Staphylococcus aureus bacteria
Staphylococcus aureus bacteria
Throughout the history of antibiotics, there has been a steady arms race between humans and bacteria. We design a drug that kills them, they develop resistance to it, and we look for another drug. Increasingly, we  encounter strains of bacteria like MRSA or multi-drug resistant Staphylococcus aureus that are resistant to multiple antibiotics.

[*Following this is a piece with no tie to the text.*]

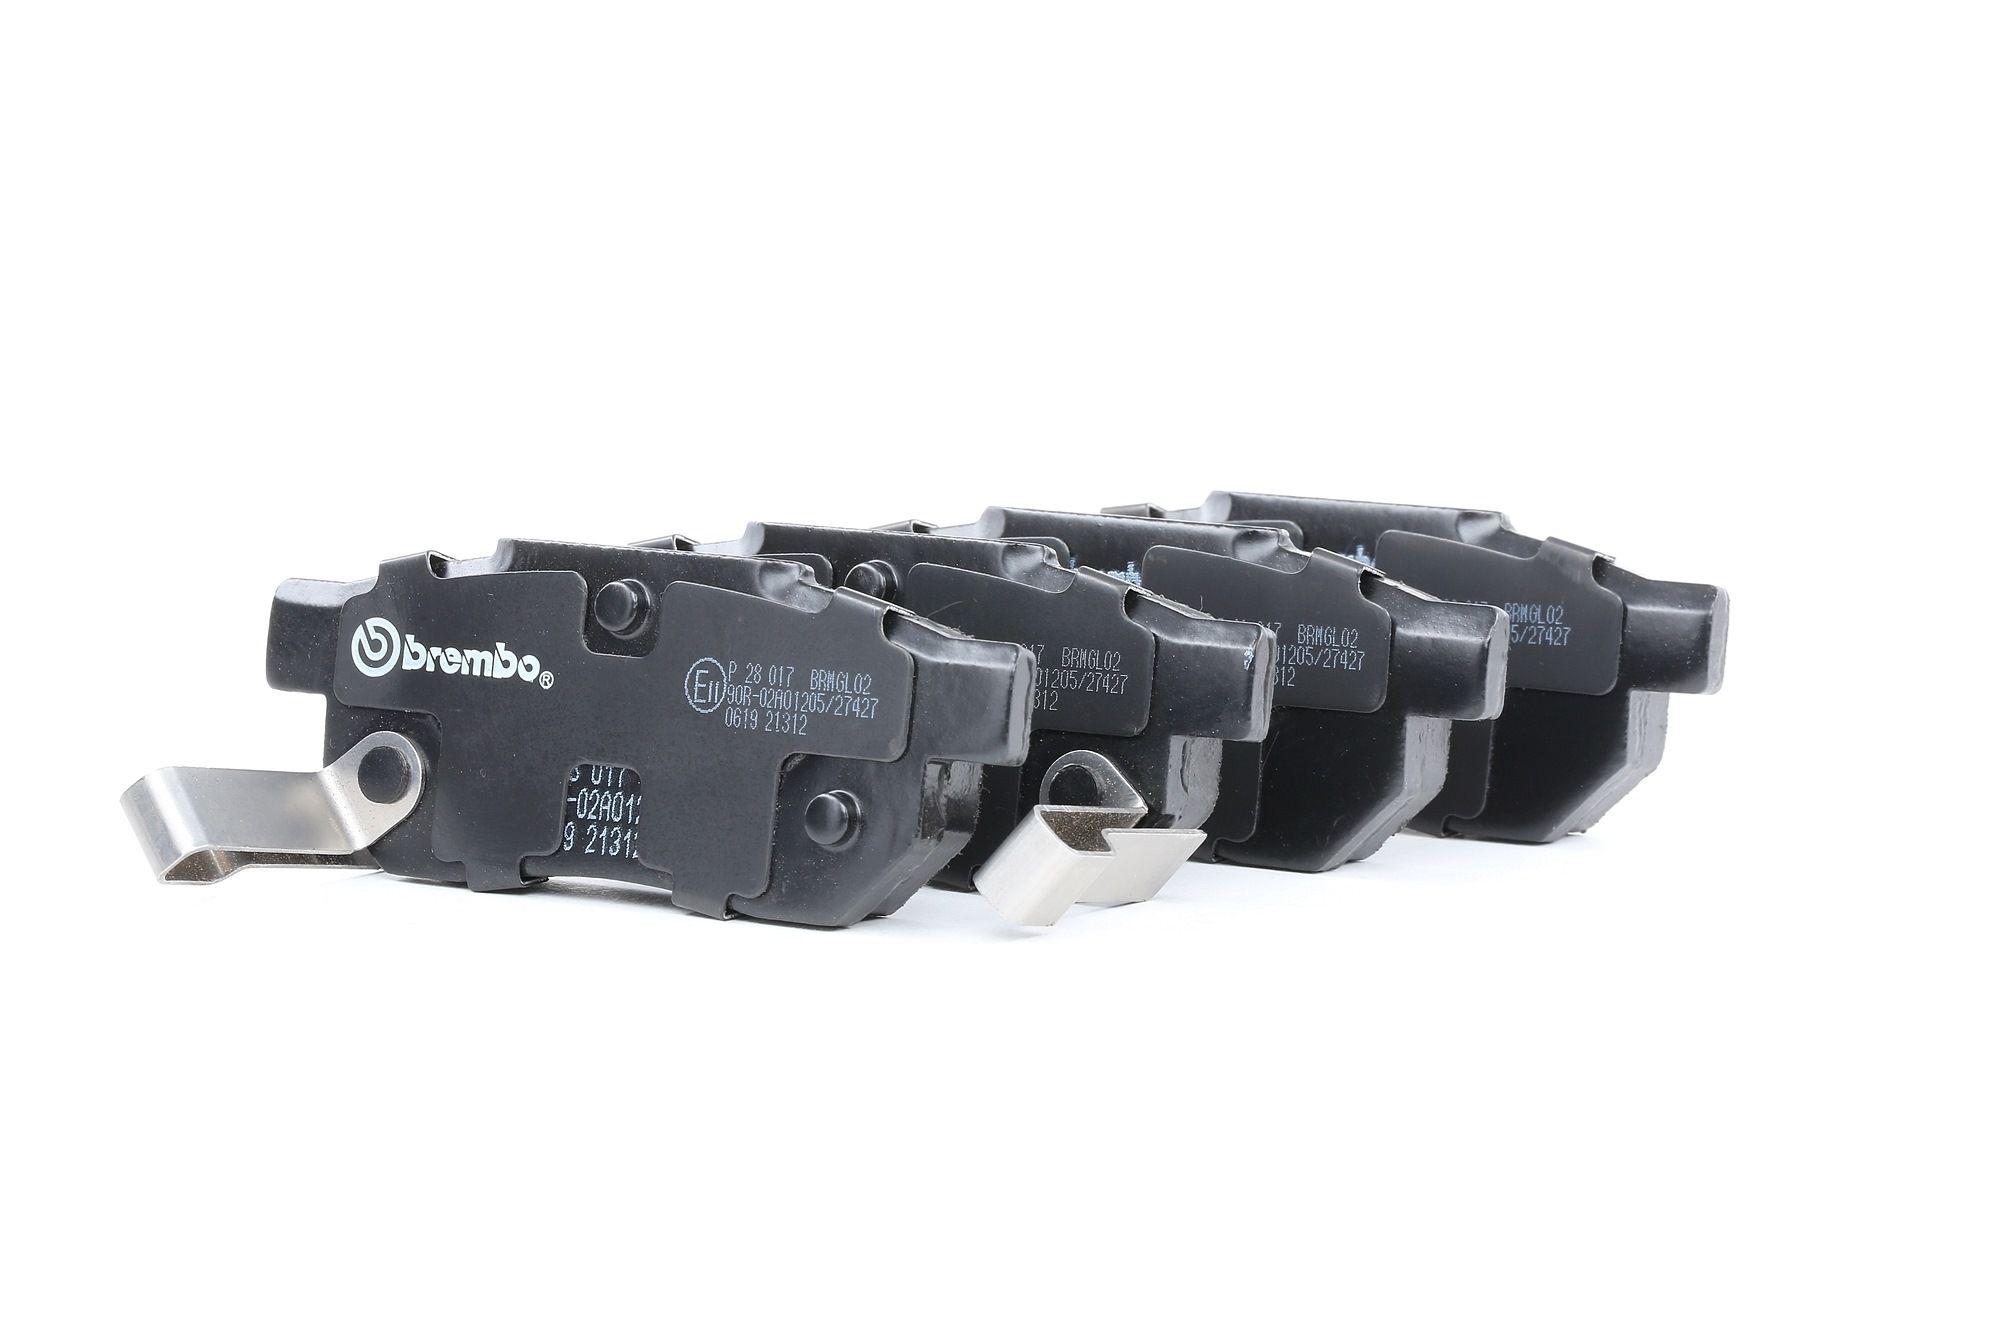 Disk brake pads BREMBO D3737263 rating

"Mortality by MRSA infections is surprisingly high," says Alexander Tomasz of Rockefeller University.  "Also this bacteria that we are formerly called the hospital bug.  You [used to acquire] them when you went to a hospital, now these same bugs show up in the community."

Tomasz and colleagues found that a new antibiotic called Ceftobiprole annihilated colonies of MRSA. Like penicillin – one of the first and still one of the most widely used antibiotic agents – Ceftobiprole binds enzymes crucial to making bacterial cell walls, ultimately killing the bacteria.

After widespread use of penicillin, the Staph bacteria developed enzymes less likely to attach penicillin, becoming resistant to the drug. Ceftobiprole manages to elude the bacteria's resistance and bind the enzymes once again.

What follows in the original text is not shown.